With the 2018 World Economic Forum underway in Davos, Switzerland, Sundar Pichai took to the stage for a one-on-one interview. Artificial intelligence and its impact were unsurprisingly big areas of discussion, with the Google CEO offering ways to mitigate risks. Meanwhile, data and taxes were also brought up.

Interviewed by WEF founder Klaus Schwab, the discussion began with an anecdote of how an unnamed prime minister claimed that there were “only 5 real global powers.” Three were countries and the fourth was Google.

Pichai acknowledged that there is a responsibility to serving billions of users a day. “We want to be a global company, but we want to be local in every country we operate in.”

“With this comes the responsibility to engage better with society. And so understanding that, being open to feedback, and really interacting and engaging more with the external world is a big part of the realization.”

Later on, the topic of data ownership was brought up. Pichai said that Google operates on the framework that its users trust the company. Adding that trust “is something easy to lose, if you are not good stewards of it.”

Lastly, on taxation — the common critique of tech companies — Pichai said, “We are happy to pay a higher amount, whatever the world agrees on is the right framework.”

Touching on the move from a mobile first to AI first world, Pichai continues to believe that the “core mission of Google, in some ways, is a timeless mission.” Rather, the company can “do it radically better with AI.”

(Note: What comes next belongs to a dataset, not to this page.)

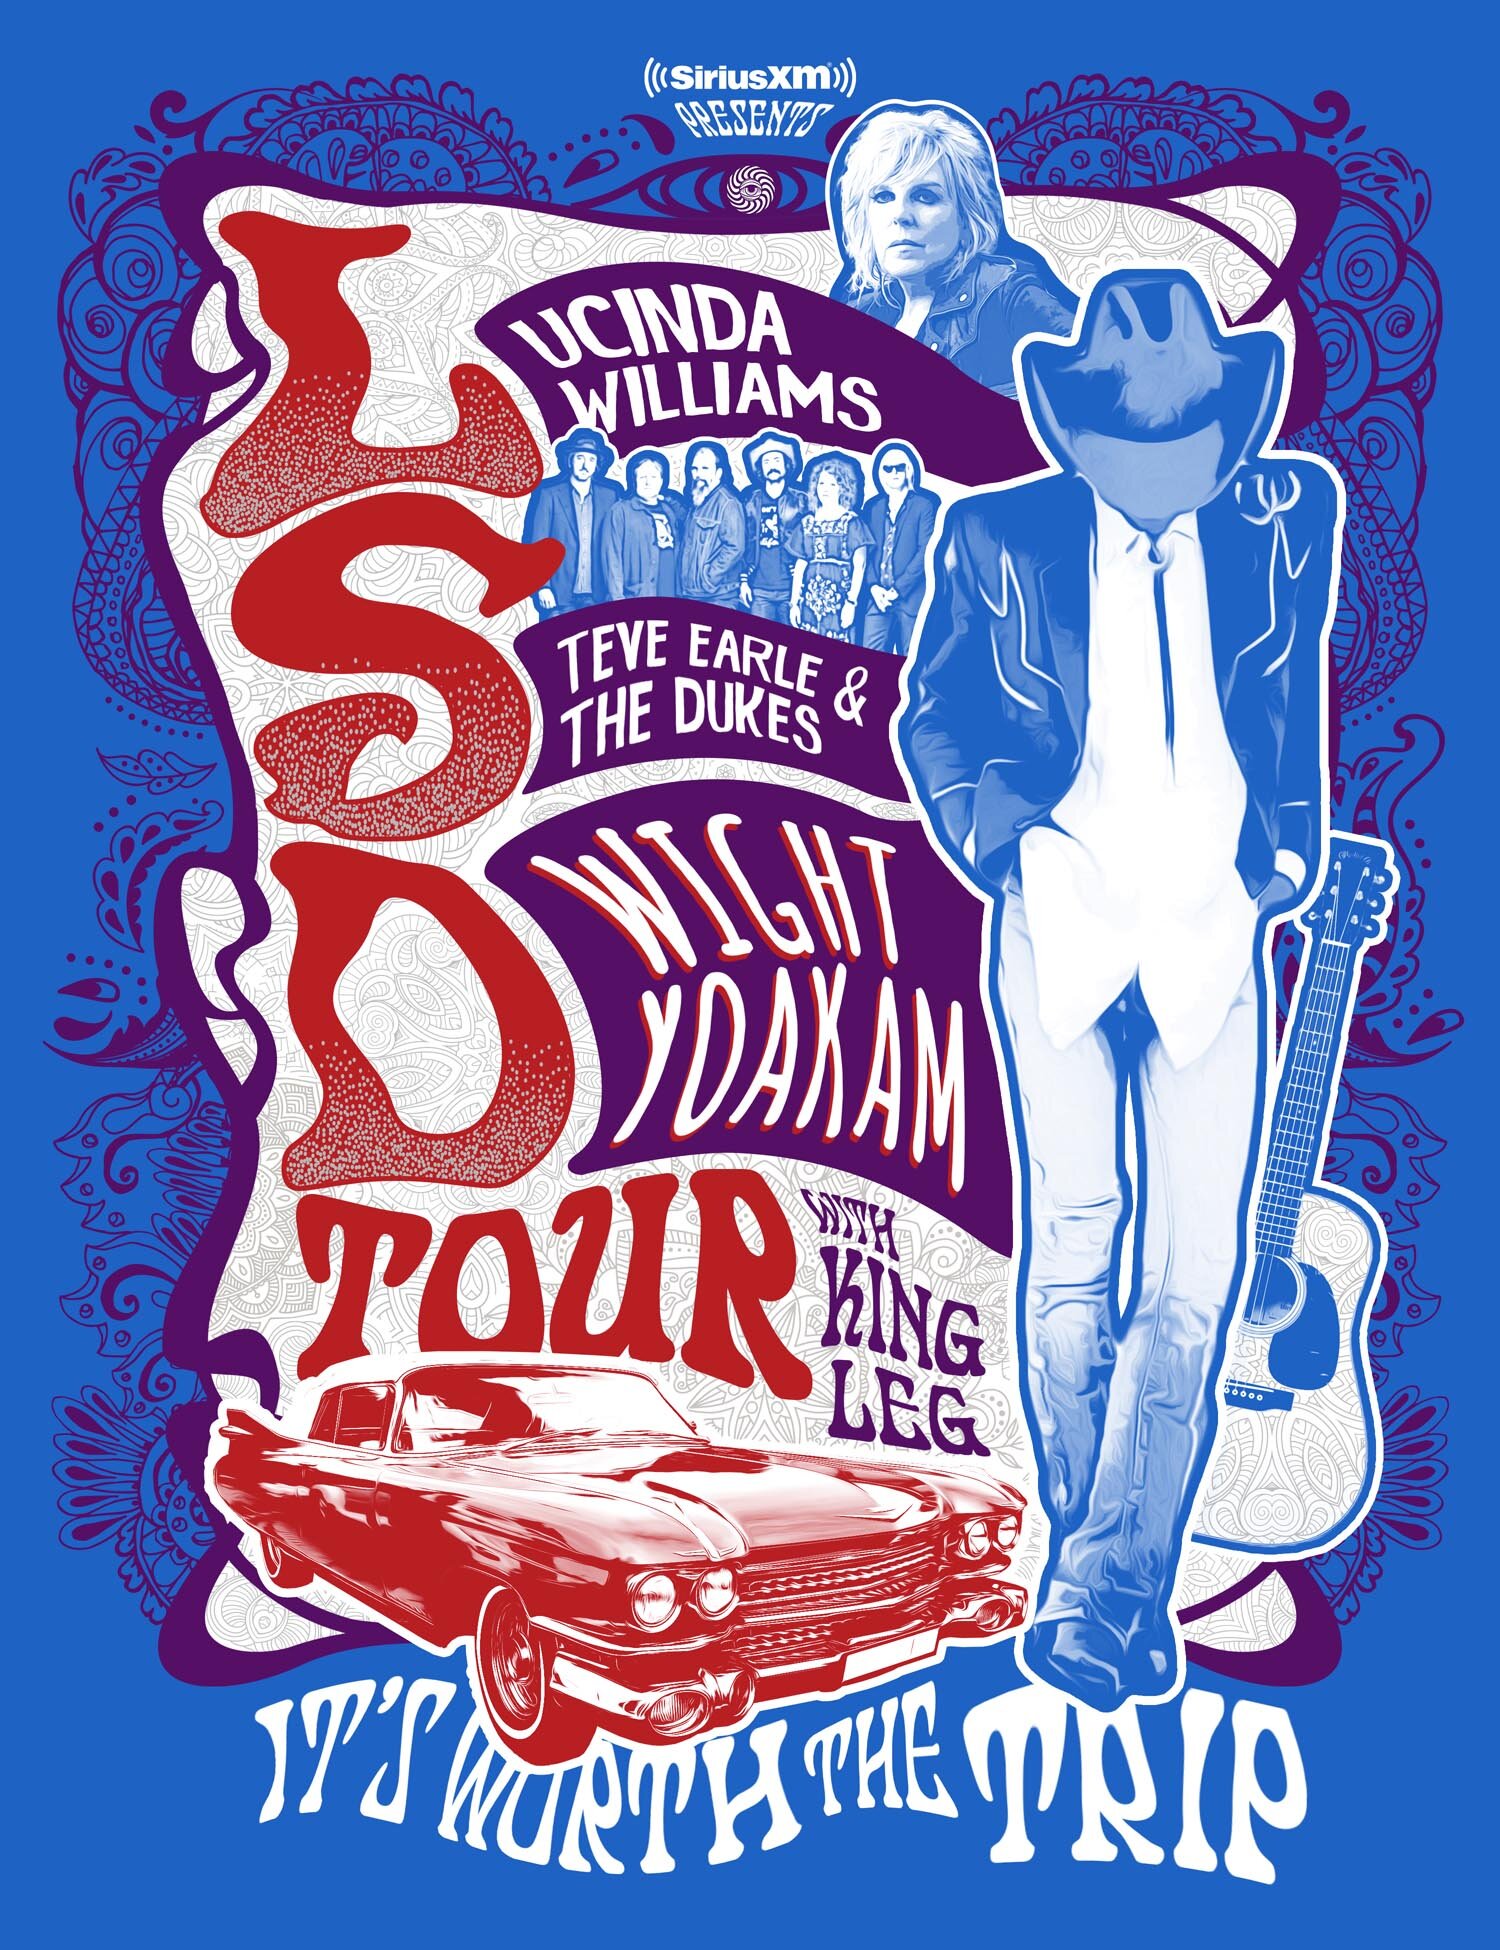 Lucinda Williams, Steve Earle, Dwight Yoakam to Unite for LSD Tour
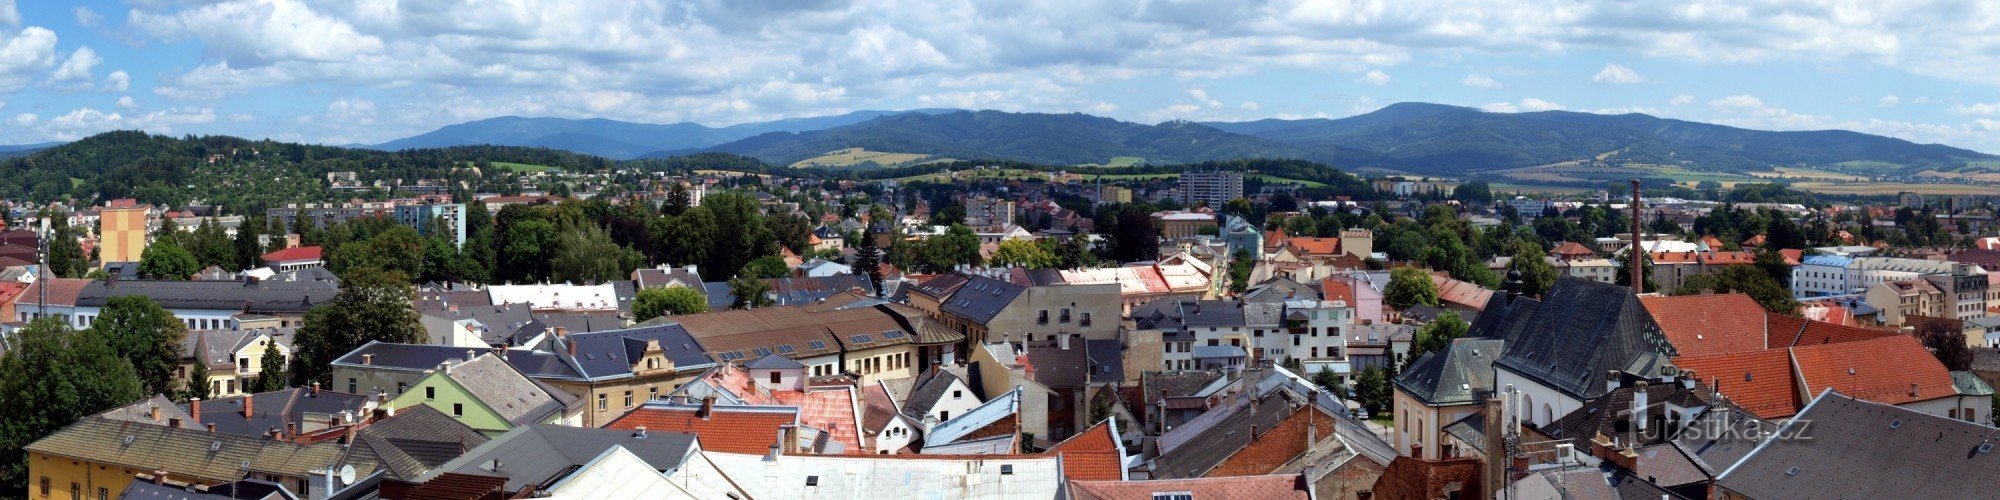 Άποψη της πόλης και των βουνών Jeseníky από τον πύργο του δημαρχείου

“AI is probably the most important thing humanity has ever worked on. I think of it as something more profound than electricity or fire. And anytime you work with technology, you need to learn to harness the benefits, while minimizing the downsides.

Stepping back, when you think about a lot of problems in the world, it’s because we typically have a constraint on resources. AI for the first time, I think, over time, offers a different construct. Things which are constrained and look like a zero sum game today may not be so in the future.”

He cited education and clean, cheap renewable energy as examples of what AI can help improve. In discussing concerns, Pichai noted that it’s “Good we’re talking about it. As humanity, the way we solve things is by getting concerned about them.”

“The risks are important. And I think the way we solve it is we think ahead. We worry about it, we do things like be up front… Think about AI safety from day one. Be very transparent and open in how we pursue progress there. And figure out global frameworks by which we could engage.”

In fact, he equates it to the Paris Agreements for finding a global solution to climate change.

But overall, Pichai believes that despite this disruption, technology will continue to have a positive impact:

I’m optimistic about technology not because I believe in technology, but because I believe in people and humanity.